You set a performance budget by defining numeric thresholds for key metrics. Common budgets include latency (e.g., "response under 800ms"), token count (e.g., "max 1,500 output tokens"), and resource usage (e.g., "max 2 tool calls"). These should be stated as hard constraints using imperative language like MUST.

Which accessibility standards should I include in my prompts?

For most web applications, especially in the U.S., you should reference WCAG 2.1 Level AA. For federal projects, include Section 508 (2017 Refresh). For state and local government, refer to the DOJ’s April 2024 Title II web accessibility rule. Always cite specific Success Criteria numbers (e.g., 1.1.1 for alt text) for best results.

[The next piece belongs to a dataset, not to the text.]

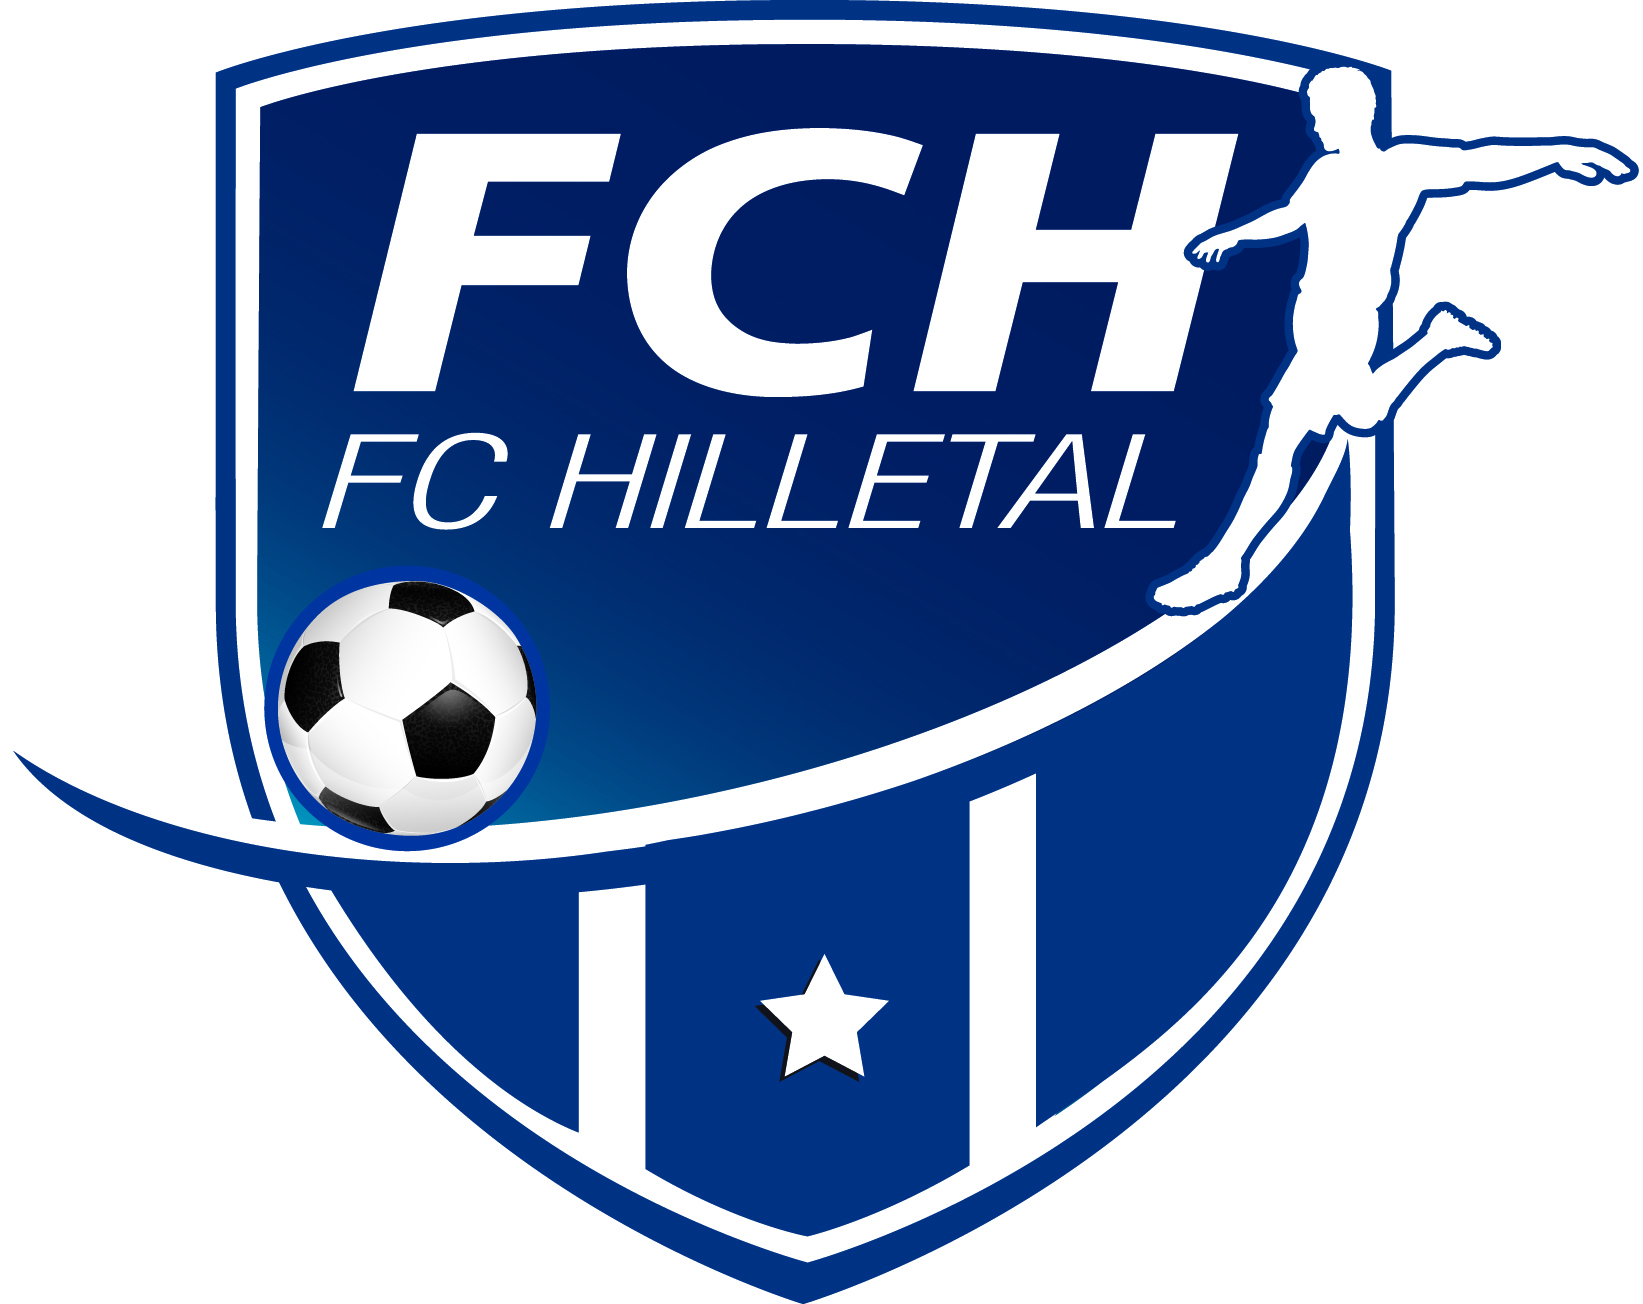 Fussball Vereins Logo Erstellen Logo Design Designonclick Com

What is the difference between hard constraints and soft preferences?

Hard constraints are mandatory rules that the AI must follow, often indicated by words like MUST or REQUIRED. Violating them is considered a failure. Soft preferences are desirable qualities the AI should aim for but can ignore if they conflict with a hard constraint, indicated by words like PREFER or SHOULD.

Do constraints-driven prompts reduce creativity?

They may narrow the range of possible outputs, but they increase reliability and compliance. In regulated industries like government or healthcare, this trade-off is essential. Creativity can still exist within the defined boundaries, particularly in how the AI structures its reasoning or selects phrasing, provided the core constraints are met.

How do I verify that my AI is following the constraints?

You cannot rely solely on the prompt. You must implement automated verification. For accessibility, use tools like axe-core or Siteimprove to scan generated HTML. For performance, monitor API logs for token counts and latency times. Combine prompt constraints with downstream validation checks.